Outra preocupação se refere à ausência de estudos nos diferentes biomas do país, o que impede a avaliação sobre o desempenho agronômico do trigo geneticamente modificado, assim como a previsão de riscos ao meio ambiente. Não se comprovou, por exemplo, a efetividade de seu desempenho em áreas de seca, um dos principais argumentos do lobby favorável ao trigo transgênico. “Não houve pesquisas de campo e análises sobre possíveis efeitos adversos à biodiversidade. A eterna promessa envolvendo mais produtividade com menos oferta de água nunca se cumpriu com a soja ou o milho transgênico. Vai se cumprir com o trigo?”, questiona o agrônomo Leonardo Melgarejo, que também integra o Grupo de Trabalho da ANA.
Fome e comida mais cara
As organizações também contestam à ideia de que o trigo transgênico seria necessário no combate à fome, problema que atinge pelo menos 33 milhões de pessoas no Brasil, como aponta pesquisa da Rede Brasileira de Pesquisa em Soberania e Segurança Alimentar (Rede PENSSAN). Defendem que a introdução do produto no Brasil poderia custar alto economicamente, já que estaria atrelada ao pagamento de royalties às empresas titulares da biotecnologia transgênica. Apesar de ser uma empresa argentina, a Bioceres possui capital aberto na Bolsa de Valores de Nova Iorque e alianças com transnacionais do ramo da alimentação, como Monsanto e Syngenta. Nesse contexto, o trigo HB4 poderia tornar o Brasil mais vulnerável às oscilações do mercado internacional para estruturar sua política alimentar. O impacto da aprovação de trigo transgênico, portanto, recairia no valor da comida. Cabe destacar que, de acordo com o Instituto Brasileiro de Geografia e Estatística (IBGE), o Brasil fechou 2022 com mais que o dobro da inflação sobre os alimentos e bebidas (11.64%), face à inflação geral (5,79%).

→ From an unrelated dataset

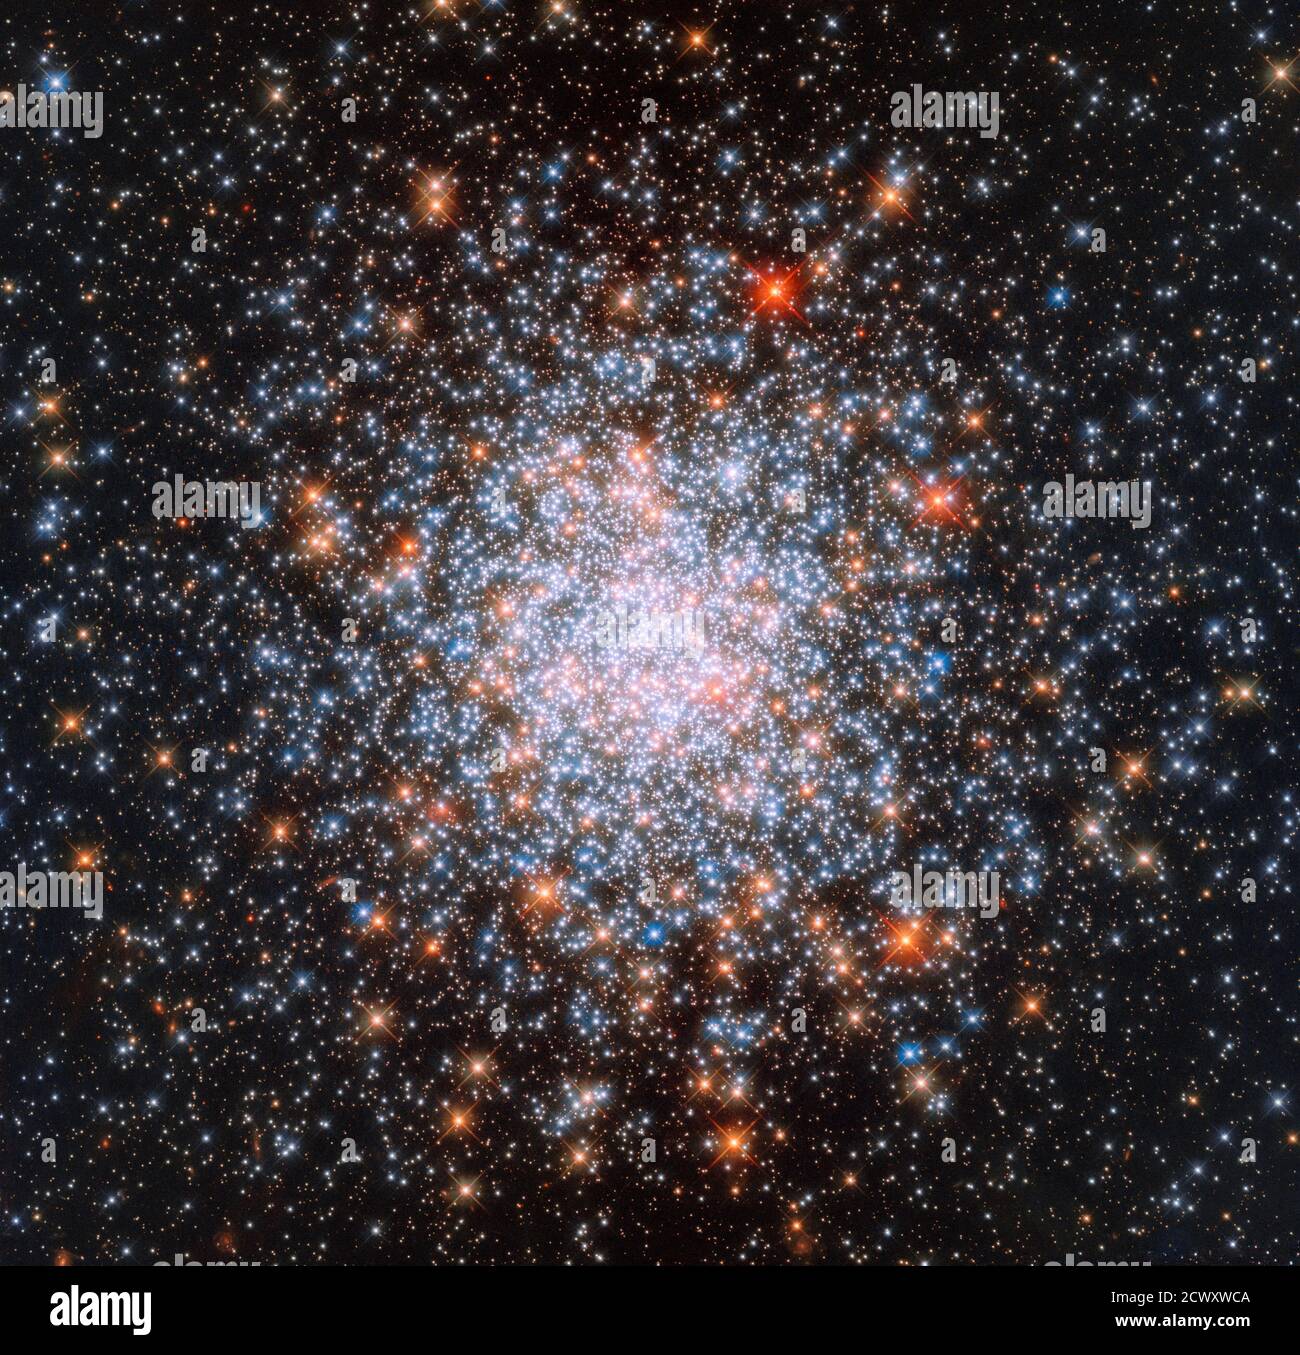 El Hubble captura estrellas a través de generaciones generalmente, los grupos de estrellas globulares tienden a tener estrellas realmente viejas, pero @NASAHubble encontró una cerca de la vía Láctea con una profusión de estrellas más jóvenes. Llamado NGC 1866, este cúmulo se encuentra en los mismos bordes de la Gran Nube Magallanes, una pequeña galaxia ubicada cerca de la vía Láctea. El cúmulo fue descubierto en 1826 por el astrónomo escocés James Dunlop, quien catalogó miles de estrellas y objetos de cielo profundo durante su carrera. NGC 1866 también está situado lo suficientemente cerca como para que sus estrellas puedan ser estudiadas individualmente - ninguna hazaña pequeña dada la mamut distancias invol Foto de stock

“Também não se comprovou a real possibilidade de segregar o trigo transgênico em suas etapas de cultivo, transporte, armazenamento e processamento. Assim, a biotecnologia transgênica poderia rapidamente se tornar totalitária. Como os plantios convencionais ou agroecológicos ficariam constantemente suscetíveis à contaminação, os direitos de agricultoras e agricultores seriam violados”, aponta Leonardo. Nessa situação, o poder de escolha sobre qual tipo de trigo cultivar ou quais insumos utilizar na produção estaria inviabilizado, já que a transgenia é dependente de agrotóxicos. Ainda que fosse possível separar o HB4 das outras culturas de trigo, as organizações ressaltam que tal ação demandaria ainda mais custos à agricultura convencional, orgânica ou agroecológica, o que, mais uma vez, poderia recair no preço dos alimentos no país.